Forest plots for left ventricular (LV) thrombus resolution at 3 months. The use of direct oral anticoagulants (DOACs) therapy had comparable relative risk of LV thrombus resolution at 3 months compared with warfarin. CI, Confidence Interval; MH, Mantel–Haenszel; RR, risk ratio; STEMI, ST-segment elevation myocardial infarction.
Sensitivity analyses for the main outcome
Subgroup sensitivity analyses for the main outcome showed no significant treatment interactions (test for subgroup difference with p≥0.10) based on thrombus aetiology (post-MI vs non-specified), DOAC used, duration of triple therapy and risk of bias assessment (online supplemental figure 2).
A leave-one-out sensitivity analysis was conducted, sequentially omitting each study from the meta-analysis to identify potential outliers that could influence the observed overall effect size and heterogeneity (online supplemental figure 3). The effect size remained consistent across all iterations, ranging from 1.01 to 1.08, with all estimates showing no statistical significance. Heterogeneity remained stable and was considered low (I²=0 to 24.1%). These findings confirm the robustness of our results, indicating that no single study has a disproportionate effect on the overall conclusions.

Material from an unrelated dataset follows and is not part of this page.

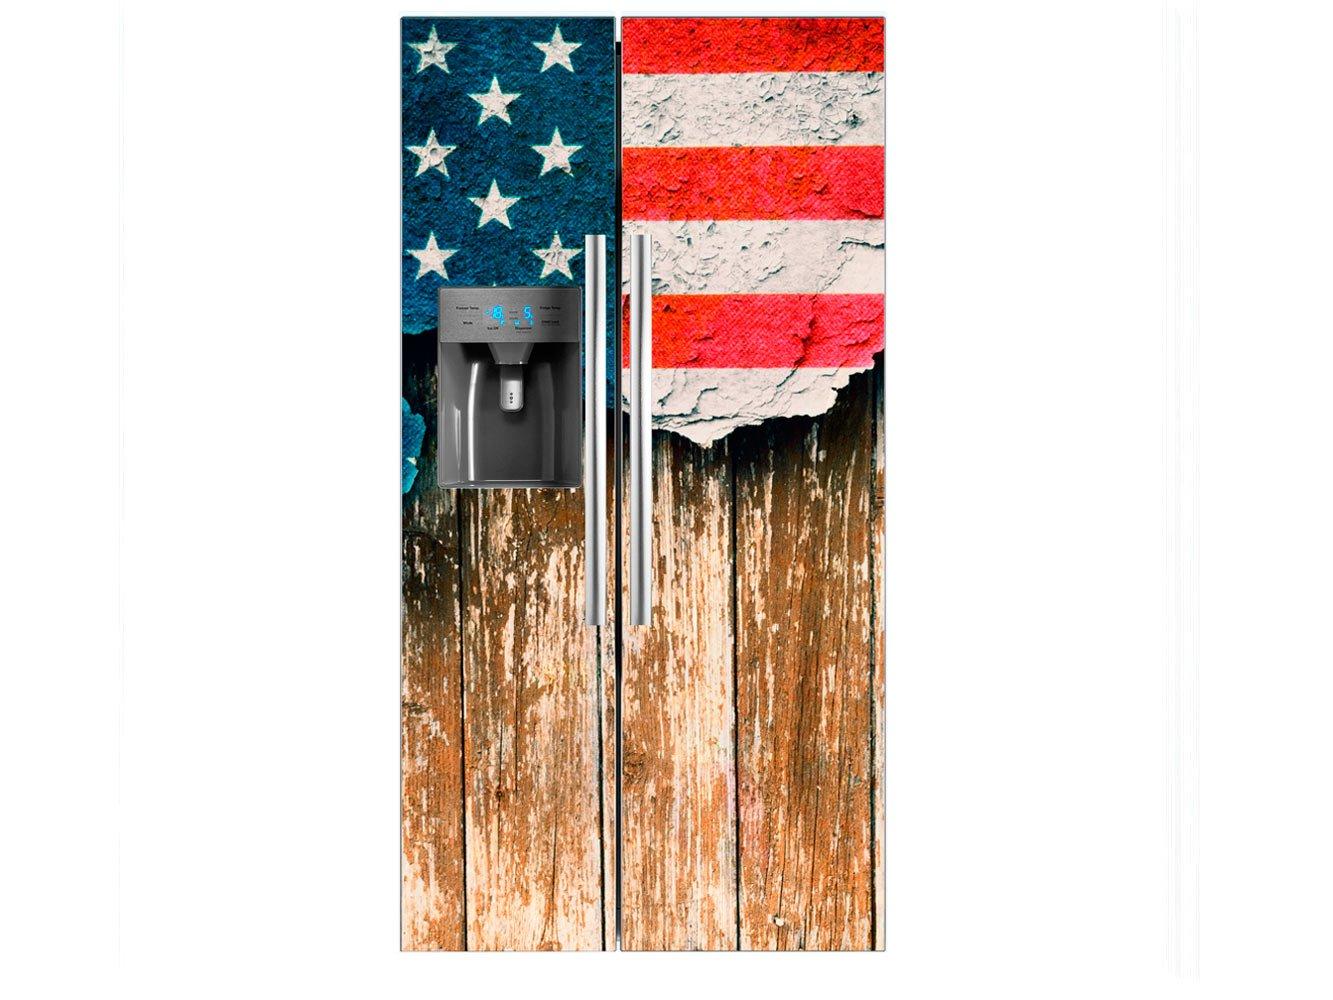 Vinilo Frigorí fico Americano Bandera Desgarrada Estados Unidos | 90x180cm | Varias Medidas | Pegatinas de Nevera Econó micas y Elegantes | Vinilo Nevera Oedim

Two studies assessed thrombus resolution at 6 months, and the measured effect remained consistent (RR 1.0; 95% CI 0.89 to 1.13; p=0.297; I²=8.2%; online supplemental figure 4).
Efficacy outcomes
There was no significant difference between the groups regarding MACE (RR 0.50; 95% CI 0.16 to 1.54; p=0.227; I²=0%; figure 2A), ACM (RR 0.92; 95% CI 0.36 to 2.31; p=0.854; I²=0%; figure 2B), stroke or systemic emboli (RR 0.76; 95% CI 0.12 to 4.68; p=0.768; I²=42.1%; figure 2C) and rehospitalisation (RR 1.36; 95% CI 0.47 to 3.94; p=0.575; I²=0%; figure 2D).
Forest plots for efficacy endpoints compared with warfarin, the use of direct oral anticoagulants (DOACs) therapy had comparable relative risk of (A) major adverse cardiac events (MACE), (B) all-cause mortality, (C) stroke or systemic emboli events and (D) rehospitalisation. CI, Confidence Interval; MH, Mantel–Haenszel; RR, risk ratio; STEMI, ST-segment elevation myocardial infarction.
Sensitivity analyses for efficacy outcomes
There were no significant treatment interactions (test for subgroup difference with p*≥*0.10) based on thrombus aetiology (post-MI vs non-specified), DOAC used, duration of triple therapy and risk of bias assessment for MACE, ACM, stroke or systemic emboli (online supplemental figure 5). However, a significant interaction was identified between risk-of-bias assessment and stroke or systemic emboli (online supplemental figure 5.3). The outcome of rehospitalisation had only two studies contributing events; therefore, sensitivity analysis was not conducted for this outcome.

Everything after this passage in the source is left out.